Chapter Text
The drive from Anchises is done in silence, through a transparent tunnel of a highway that snakes its way across the craggy, untamed hills and slopes of the Venusian surface. Nureyev keeps glancing back in the mirror, but Juno is always looking out, watching the swirls of thick, roiling clouds outside the tunnel.
As they approach Adonis, Nureyev notices Juno’s intake of breath. He can’t resist the half-smile that creeps up on him. Adonis is one of the largest domes in the galaxy, several times larger than anything on Mars; he is expecting Juno to say something, perhaps a snarky joke about size (it wouldn’t be the first he’s heard from the detective), but nothing is said from the back seat.
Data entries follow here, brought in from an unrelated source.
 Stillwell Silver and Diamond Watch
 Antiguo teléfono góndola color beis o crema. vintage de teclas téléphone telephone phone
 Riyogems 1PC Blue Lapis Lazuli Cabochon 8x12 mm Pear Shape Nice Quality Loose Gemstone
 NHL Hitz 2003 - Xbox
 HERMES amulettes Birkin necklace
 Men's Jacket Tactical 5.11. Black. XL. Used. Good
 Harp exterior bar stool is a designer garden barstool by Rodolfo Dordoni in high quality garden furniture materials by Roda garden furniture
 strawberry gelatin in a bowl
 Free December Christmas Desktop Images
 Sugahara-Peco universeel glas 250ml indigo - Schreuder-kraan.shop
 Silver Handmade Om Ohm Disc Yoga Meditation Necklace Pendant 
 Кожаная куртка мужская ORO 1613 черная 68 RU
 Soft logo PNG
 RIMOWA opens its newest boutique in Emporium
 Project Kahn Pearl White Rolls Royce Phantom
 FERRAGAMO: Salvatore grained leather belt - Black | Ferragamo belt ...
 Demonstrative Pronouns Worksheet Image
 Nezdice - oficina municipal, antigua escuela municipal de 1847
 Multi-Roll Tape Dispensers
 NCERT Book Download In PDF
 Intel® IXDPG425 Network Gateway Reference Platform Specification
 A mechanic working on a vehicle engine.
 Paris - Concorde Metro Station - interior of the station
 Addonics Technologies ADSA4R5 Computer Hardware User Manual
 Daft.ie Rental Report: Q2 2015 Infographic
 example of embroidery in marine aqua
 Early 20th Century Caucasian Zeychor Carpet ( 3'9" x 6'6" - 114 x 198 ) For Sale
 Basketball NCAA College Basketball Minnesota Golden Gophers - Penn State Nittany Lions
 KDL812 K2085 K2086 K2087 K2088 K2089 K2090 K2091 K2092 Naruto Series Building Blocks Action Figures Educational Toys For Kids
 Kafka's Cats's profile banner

“We’re approaching the hotel,” Vespa says, from beside Nureyev.
“Do you remember the directions, detective?” Nureyev asks.
“I know how to read a map, Kingston.”
“Alright. Give it about fifteen minutes before you try and find us —”
“I’ve been tracking cheating spouses through hotels for a decade,” Juno snaps back. “I know what I’m doing.”
Nureyev doesn’t offer a response. The Ruby 7 whistles, and a crawl space opens beneath the back seats. With one hand on the wheel and only half his attention on the road, Nureyev watches Juno lower himself down, until he’s perfectly hidden in the belly of the car.
The Ruby 7 slips up to the curb, and Nureyev steels himself, affecting the persona he’s decided on for this particular interaction. A valet opens his door for him, and Nureyev giggles. “Why, thank you!”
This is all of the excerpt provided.